* [Exercise instructions] No pictures, please: print exactly the lines from the one that contains "مزایا و معایب" through the last line of the listing.

* [Dataset content]

--- START ---

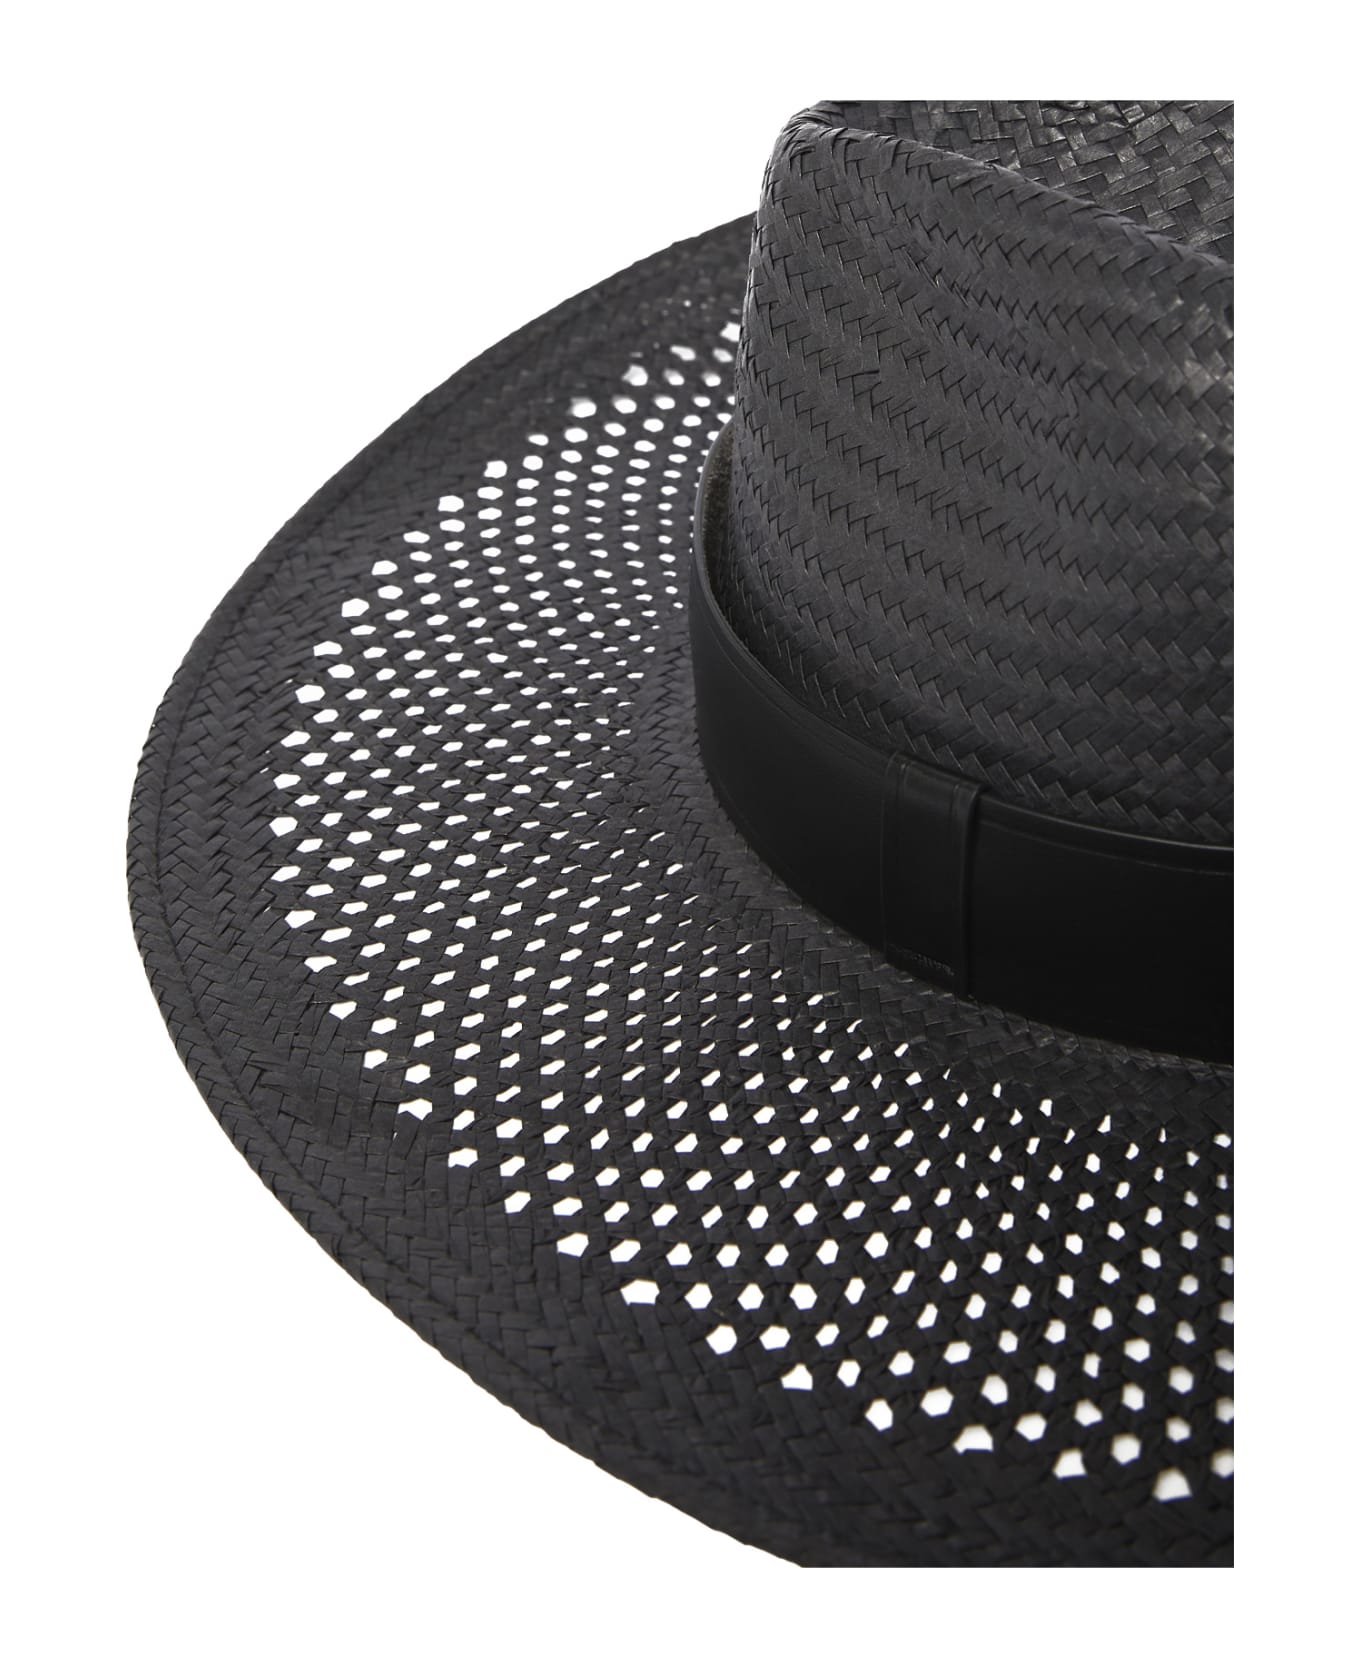 Max Mara Sidney Hat - Black 帽子
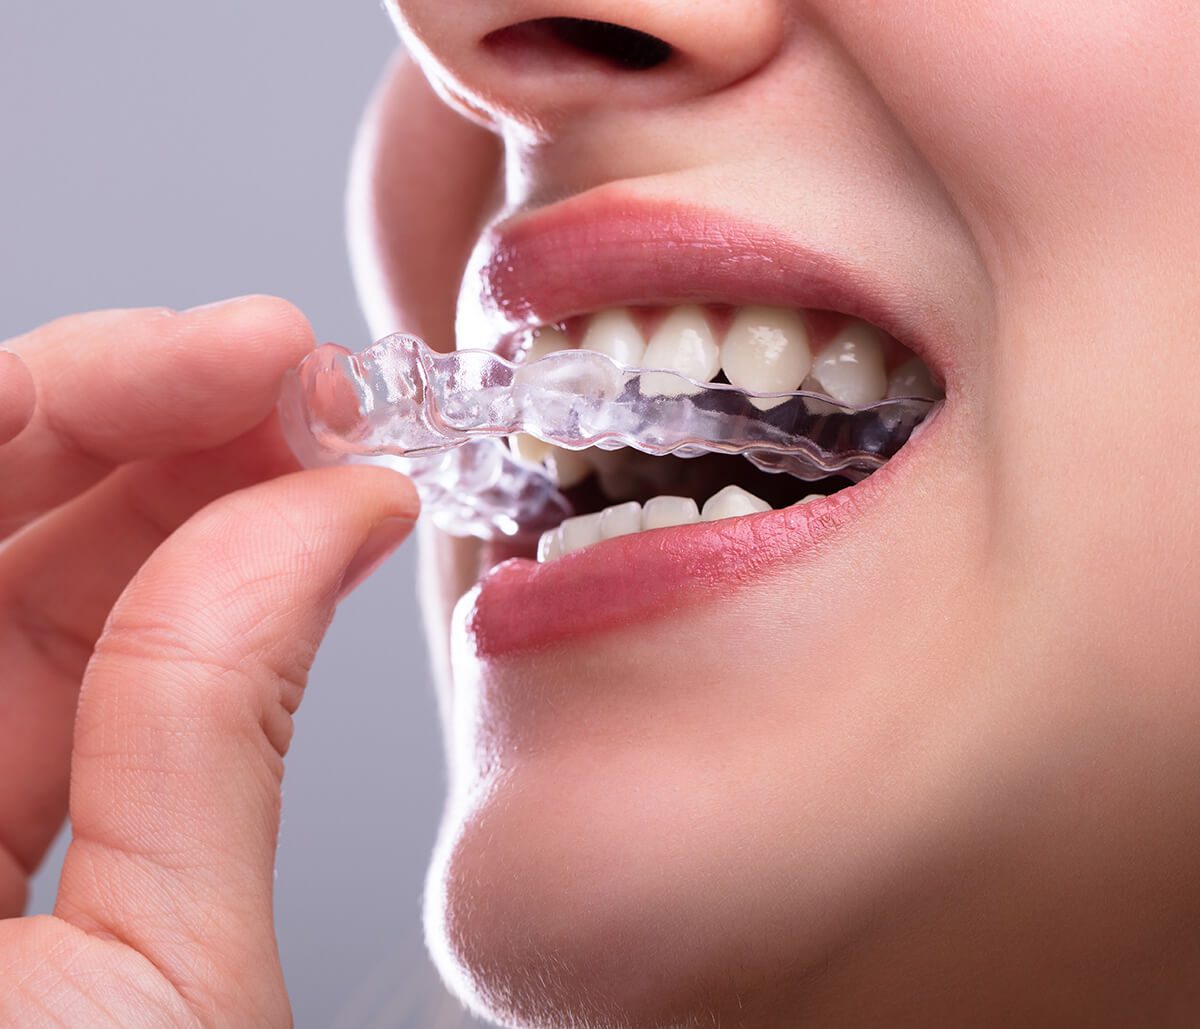 مزایا و معایب ارتودنسی نامرئی برای ردیف کردن دندانها
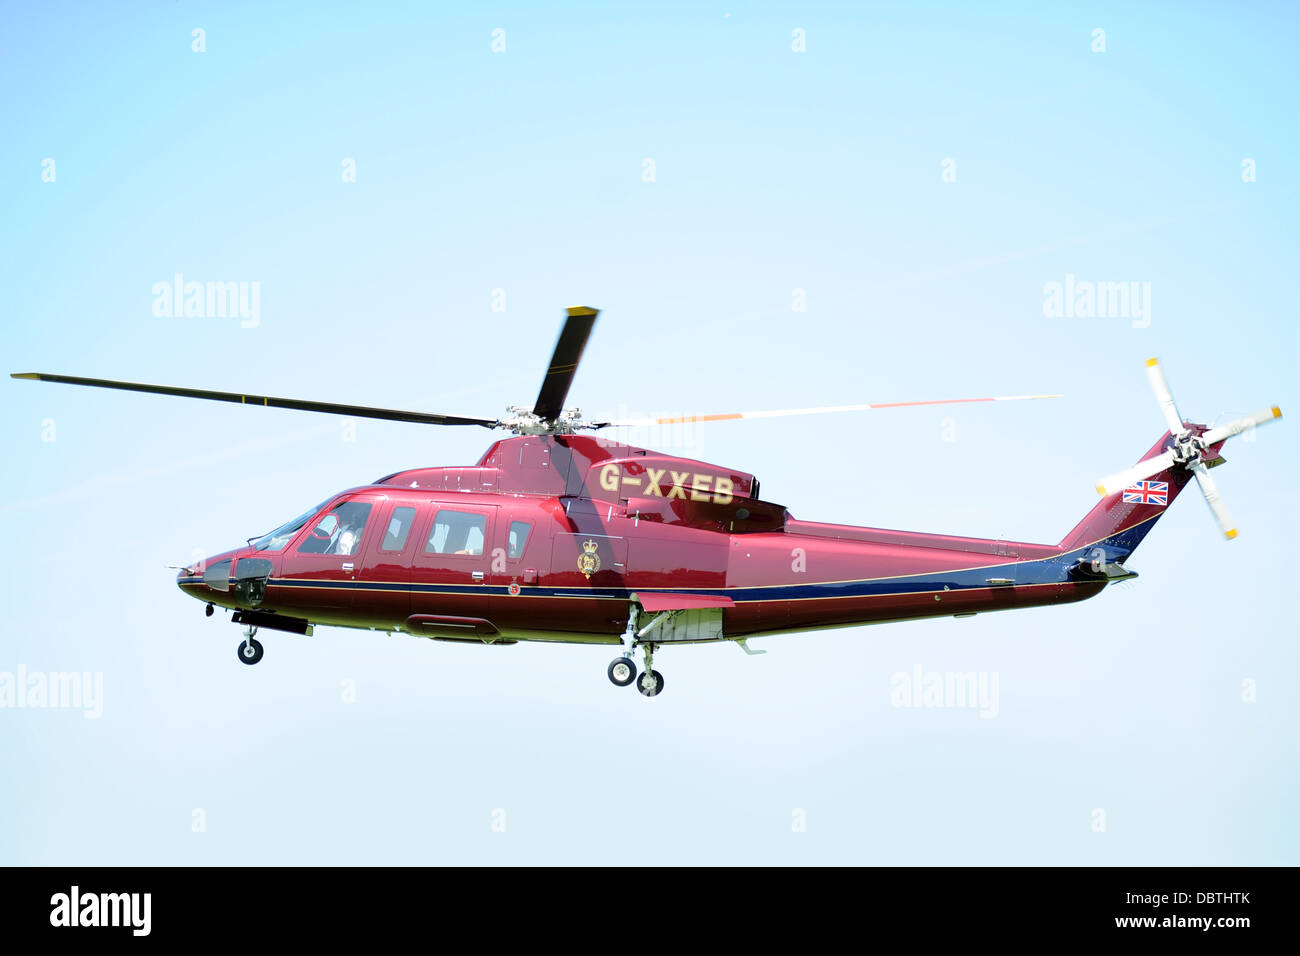 El helicóptero de la familia real, también conocida como la reina del helicóptero (vuelo) TQHF Sikorsky G-XXEA Foto de stock
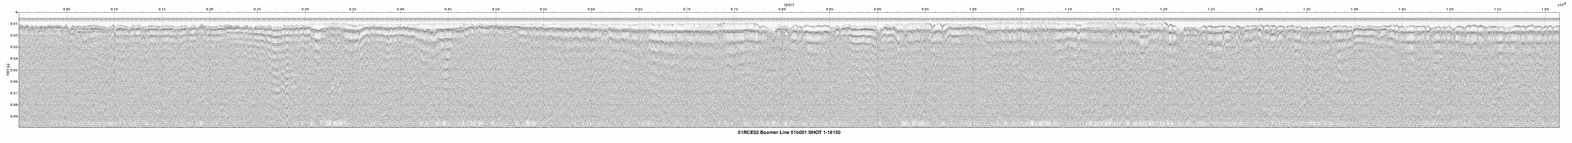 01RCE02-01b001 seismic profile thumbnail

--- END ---

* [Result below]
 مزایا و معایب ارتودنسی نامرئی برای ردیف کردن دندانها
 El helicóptero de la familia real, también conocida como la reina del helicóptero (vuelo) TQHF Sikorsky G-XXEA Foto de stock
 01RCE02-01b001 seismic profile thumbnail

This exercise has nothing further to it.